UNITED STATES
                       SECURITIES AND EXCHANGE COMMISSION
                             Washington, D.C. 20549

                                    FORM 8-K

                                 CURRENT REPORT
     Pursuant to Section 13 or 15(d) of The Securities Exchange Act of 1934

       Date of Report (Date of earliest event reported): January 26, 2005

                           ARIAD Pharmaceuticals, Inc.
             (Exact name of registrant as specified in its charter)


          Delaware                       0-21696                 22-3106987
(State or other jurisdiction          (Commission             (I.R.S. Employer
      of incorporation)               File Number)           Identification No.)


              26 Landsdowne Street, Cambridge, Massachusetts 02139
               (Address of principal executive offices) (Zip Code)


       Registrant's telephone number, including area code: (617) 494-0400


                                 Not Applicable
          (Former name or former address, if changed since last report)


Check the appropriate box below if the Form 8-K filing is intended to
simultaneously satisfy the filing obligation of the registrant under any of the
following provisions (see General Instruction A.2. below):

|_| Written communications pursuant to Rule 425 under the Securities Act
    (17 CFR 230.425)

|_| Soliciting material pursuant to Rule 14a-12 under the Exchange Act
    (17 CFR 240.14a-12)

|_| Pre-commencement communications pursuant to Rule 14d-2(b) under the Exchange
    Act (17 CFR 240.14d-2(b))

|_| Pre-commencement communications pursuant to Rule 13e-4(c) under the Exchange
    Act (17 CFR 240.13e-4(c))



ITEM 1.01  Entry into a Material Definitive Agreement.

           On January 26, 2005, ARIAD Pharmaceuticals, Inc. (the "Registrant")
           and its 80%- owned subsidiary, ARIAD Gene Therapeutics, Inc.
           (together, the "Company"), entered into non-exclusive license and
           supply agreements with Medinol Ltd. ("Medinol"), a cardiovascular
           medical device company located in Israel, for the development and
           commercialization of stents and certain other medical devices to
           deliver the Company's mTOR inhibitor, AP23573, to prevent reblockage
           of injured vessels following stent-assisted angioplasty
           (collectively, the "Products").

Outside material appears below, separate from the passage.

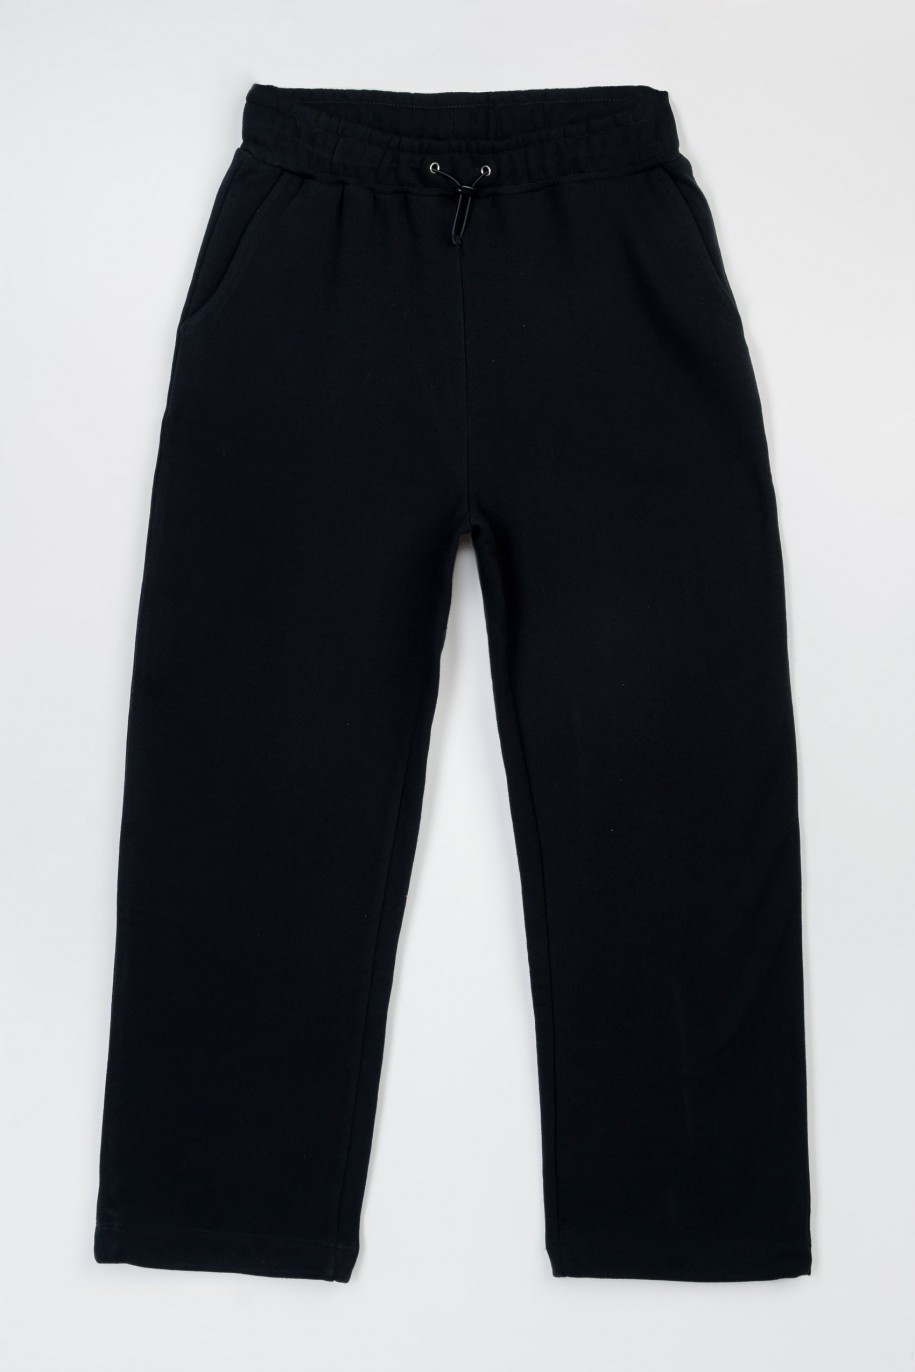 Czarne spodnie dresowe oversize ze ściąganymi nogawkami - 47410

           Under the license agreement, the Company granted to Medinol a
           non-exclusive, world-wide, royalty-bearing license, under its
           patents and technology, to develop, manufacture and sell the
           Products. The license agreement allows Medinol to distribute
           Products worldwide through W.L. Gore and Associates or other
           distributors authorized by the Company. The term of the license
           agreement extends to the later to occur of the expiration of the
           Company's patents relating to the rights granted to Medinol under
           the license agreement or fifteen years after the first commercial
           sale of a Product. Medinol is required under the license agreement
           to use commercially reasonable efforts to develop the Products. The
           license agreement provides for the payment by Medinol to the Company
           of an upfront license fee, payments based on achievement of
           development, regulatory and commercial milestones and royalties
           based on commercial sale of the Products. The Company is required
           under the supply agreement to use commercially reasonable efforts to
           supply agreed-upon quantities of AP23573 to Medinol, and Medinol
           shall purchase such supply of AP23573 from the Company, for the
           development, manufacture and sale of the Products. The supply
           agreement is coterminous with the license agreement. These
           agreements may be terminated by either party for breach after a
           90-day cure period. In addition, Medinol may terminate the
           agreements upon 30-day notice to ARIAD upon certain events,
           including if it determines, in its reasonable business judgment,
           that it is not in its business interest to continue the development
           of any Product, and ARIAD may terminate the agreements upon 30-day
           notice to Medinol, if it determines that it is not in its business
           interest to continue development and regulatory approval efforts
           with respect to AP23573.


           A copy of the press release issued by the Registrant on January 27,
           2005 is filed herewith as Exhibit 99.1 and the information contained
           therein is incorporated by reference into this Item 1.01 of this
           Current Report on Form 8-K.


ITEM 9.01  Financial Statements and Exhibits.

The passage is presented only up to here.